In the embodiment, the channel state information is obtained by monitoring the interference of the current action of the driver on the wireless signal; carrying out feature extraction on the channel state information to obtain signal features; reducing the dimension of the signal characteristics to obtain target characteristics; inputting the target characteristics into a pre-trained target fatigue behavior recognition model to obtain a classification result output by the target fatigue behavior recognition model; and judging whether the current action of the driver is the fatigue driving action according to the classification result to obtain a monitoring result of the fatigue behavior of the driver. By the mode, the action of the driver is monitored by combining wireless perception, whether the action of the driver is the fatigue driving action is identified by utilizing the trained fatigue behavior identification model, the fatigue driving is monitored, the occurrence of the fatigue driving is reduced, the occurrence rate of road traffic safety accidents is reduced, and the fatigue driving is monitored relative to the acquired image; compared with a mode of analyzing physiological signals of a driver, the method and the device do not need to be provided with signal acquisition equipment, and driving experience feeling and operation of the driver are not influenced.
It should be noted that the above-described work flows are only exemplary, and do not limit the scope of the present invention, and in practical applications, a person skilled in the art may select some or all of them to achieve the purpose of the solution of the embodiment according to actual needs, and the present invention is not limited herein.

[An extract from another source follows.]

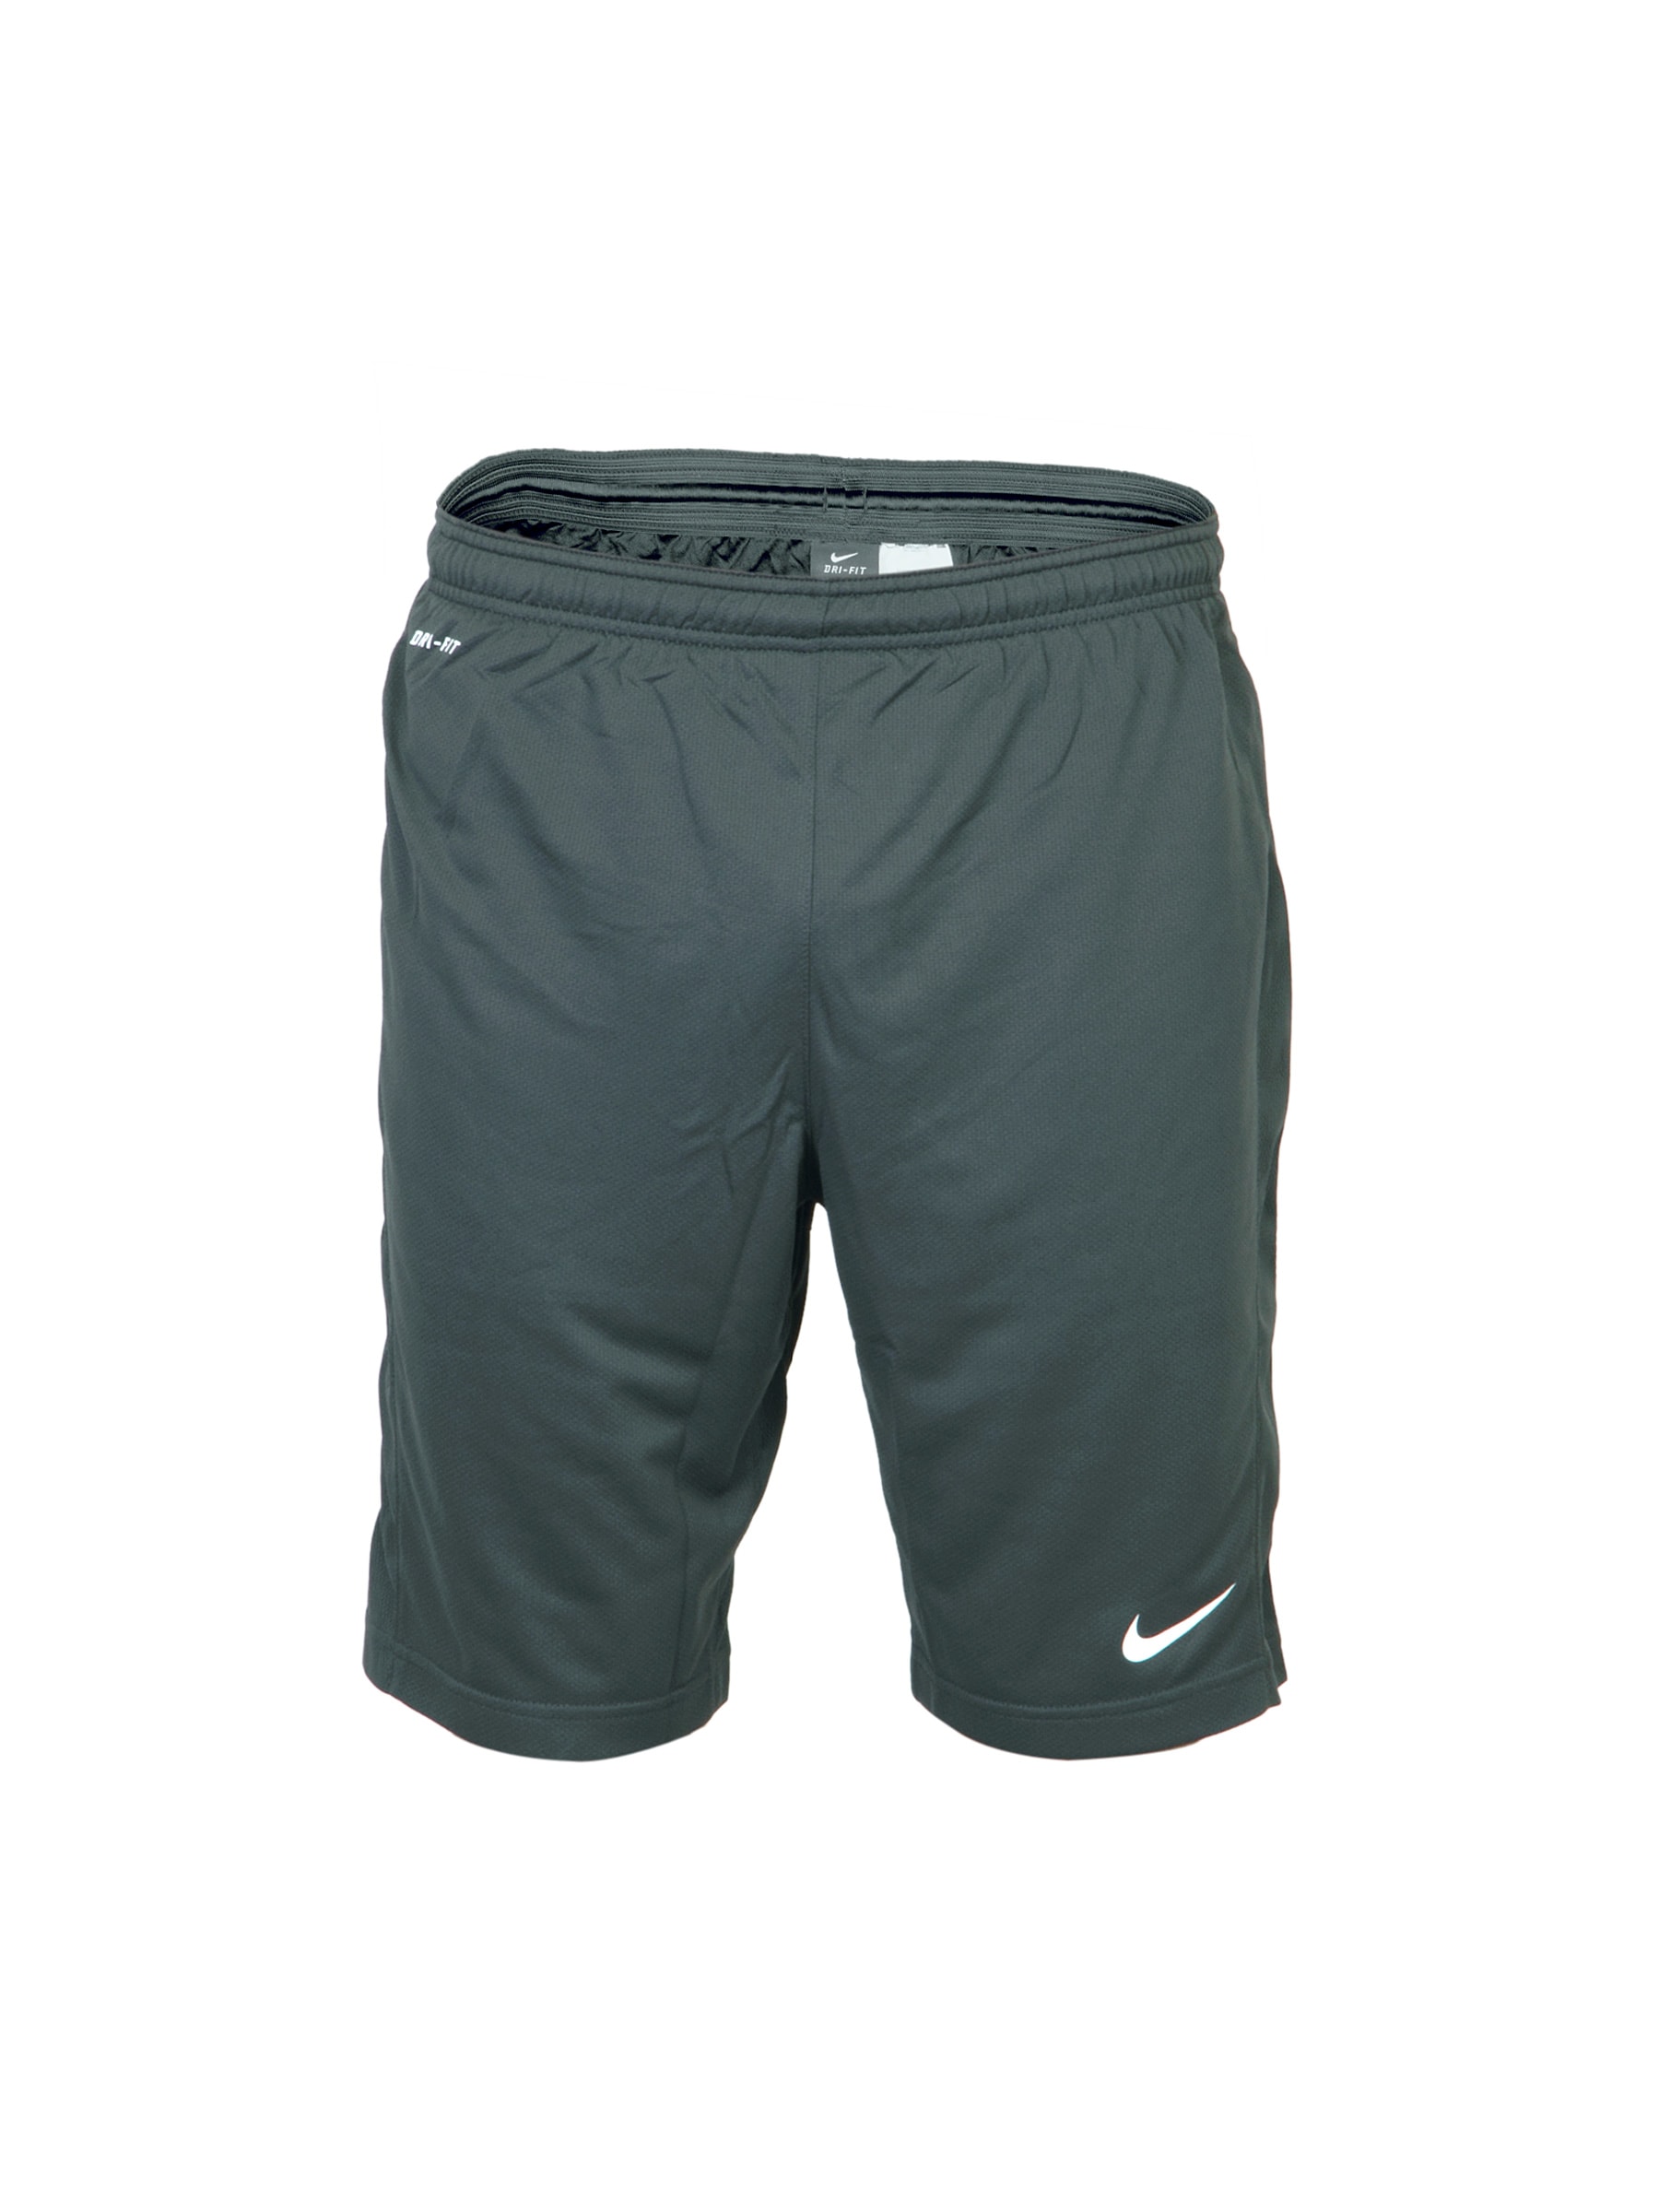 Nike Men Premier Knit Grey Shorts

In addition, the technical details that are not described in detail in this embodiment may be referred to a method for monitoring fatigue behavior of a driver provided in any embodiment of the present invention, and are not described herein again.
In an embodiment, the feature extraction module 20 is further configured to perform wavelet packet decomposition on the channel state information, extract a wavelet packet energy feature and a wavelet packet coefficient statistical feature, and splice the wavelet packet energy feature and the wavelet packet coefficient statistical feature to obtain a signal feature.
In an embodiment, the feature extraction module 20 is further configured to perform multi-layer wavelet packet decomposition on the channel state information to obtain a wavelet packet coefficient, form a wavelet packet coefficient statistical feature according to a mean value, a standard deviation, a variance, and a maximum value corresponding to the wavelet packet coefficient, determine a signal energy ratio corresponding to each sub-band, determine each layer of wavelet packet energy vector according to the signal energy ratio, and form a wavelet packet energy feature according to each layer of wavelet packet energy vector.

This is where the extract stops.